I think you use lag to describe the time it takes between something happing in reality and it being displayed on the display.
Assuming there is no initial delay for starting the imaging pipeline and display, this depends only on how long it takes to process and display a single frame.
In that case, higher frame rates are the way to reduce lag, not increase it.
The faster you can process the image, the faster you can display it, given an appropriate display. And that reduces lag. At 60 Hz for example, each image is displayed for 16.7 ms and the processing time can not be higher than that. At 120 Hz, each image is displayed only 8.3 ms, but processing must be twice as fast to allow such a frame rate.
Reducing lag and perceived blur this way does make tracking objects considerably easier though. I use a gaming display with a 144 Hz refresh rate on my computer and it is a night and day difference between that and 60 Hz.
The EOS R viewfinder has a resolution of only 1.280 x 960 pixels.
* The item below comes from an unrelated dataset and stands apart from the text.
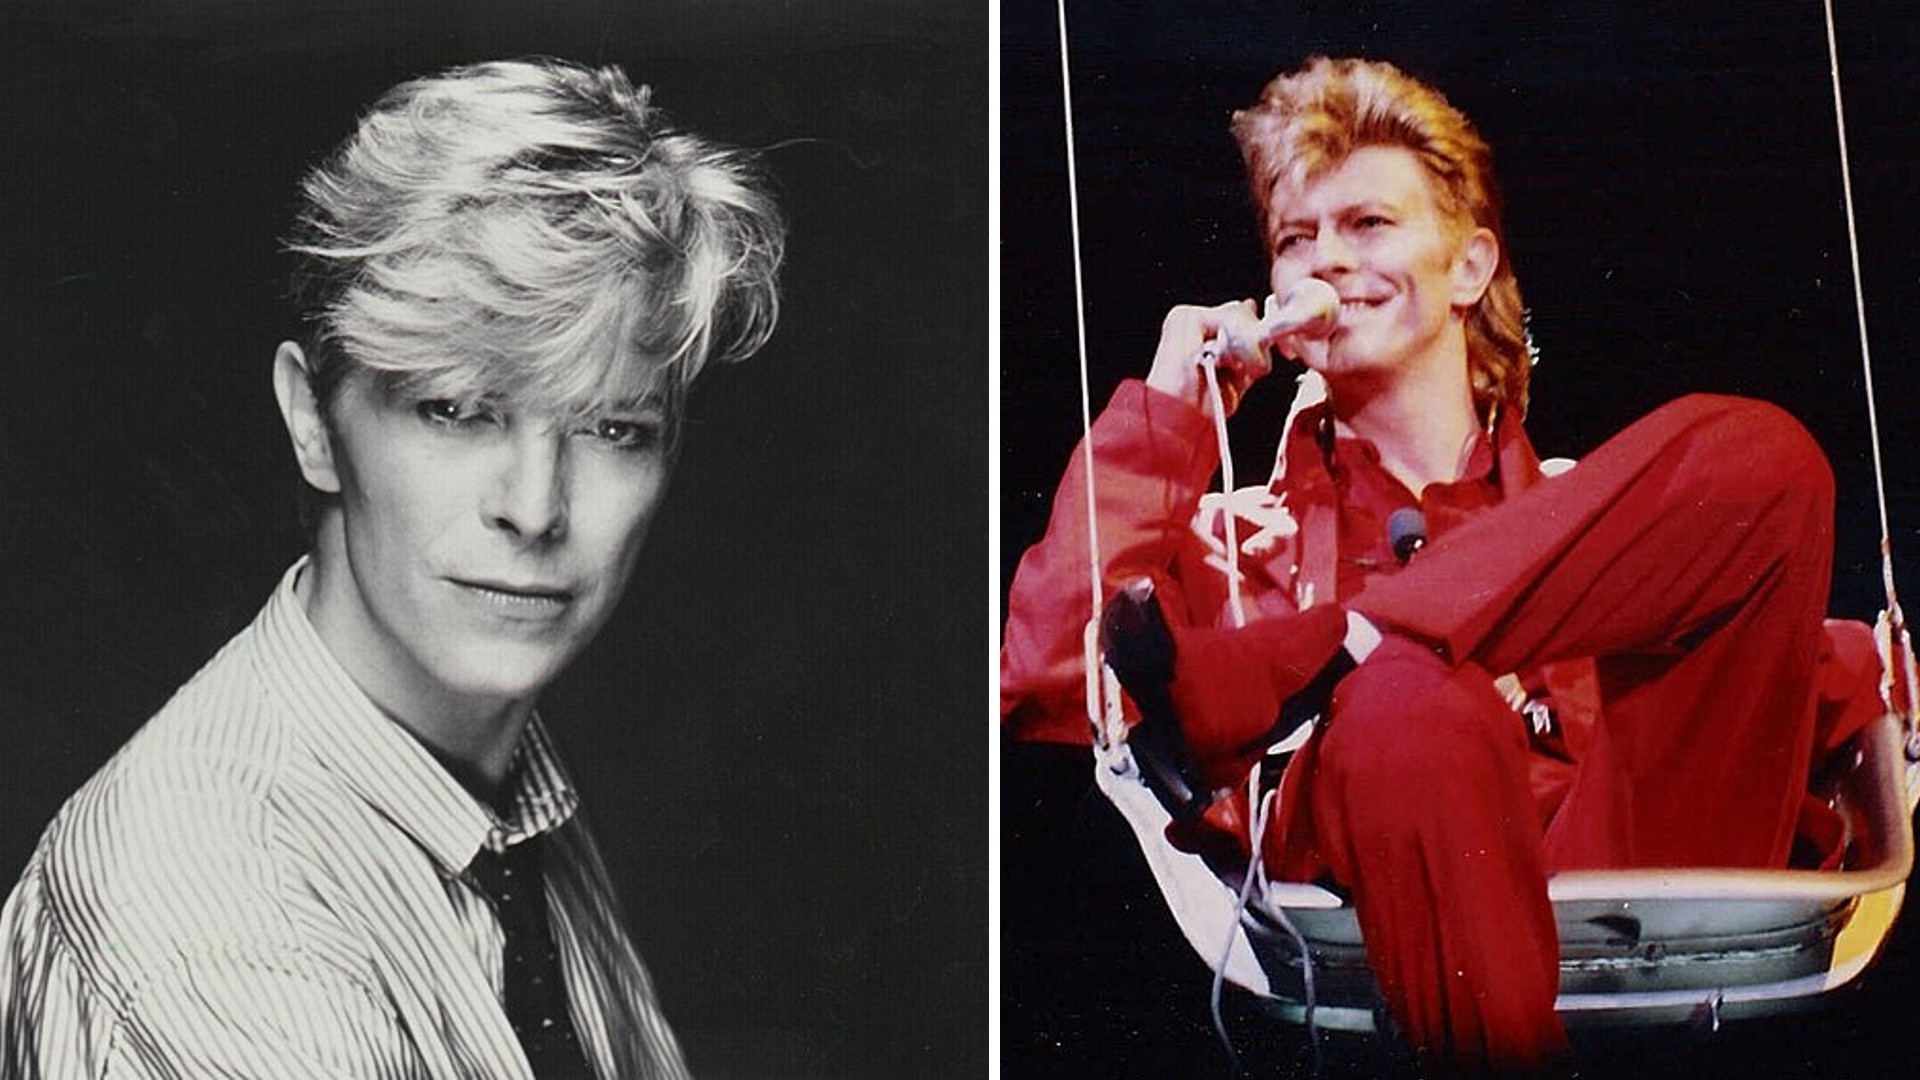 Split image: On the left, a black-and-white portrait of a person with light hair wearing a striped shirt and tie, looking at the camera. On the right, the same person in a red outfit performing on stage, sitting in a swing and holding a microphone.

It only does 120Hz 720p video, (1280 x 720 pixels) but I'm wondering: do we know the refresh rate of the R? I had assumed 60 Hz because that's what the LV display is, but the viewfinder spec isn't mentioned on Canon's site I believe.
In any case the M6 II does 120 Hz 1080p (1920 x 1080 pixels) video so it should have the processing power to drive a high res, high refresh viewfinder. A future high res R may give us just that.
Isn't the the resolution you named the resolution of the back-screen?
The R's viewfinder has a resolution of approximately 3,9 MP.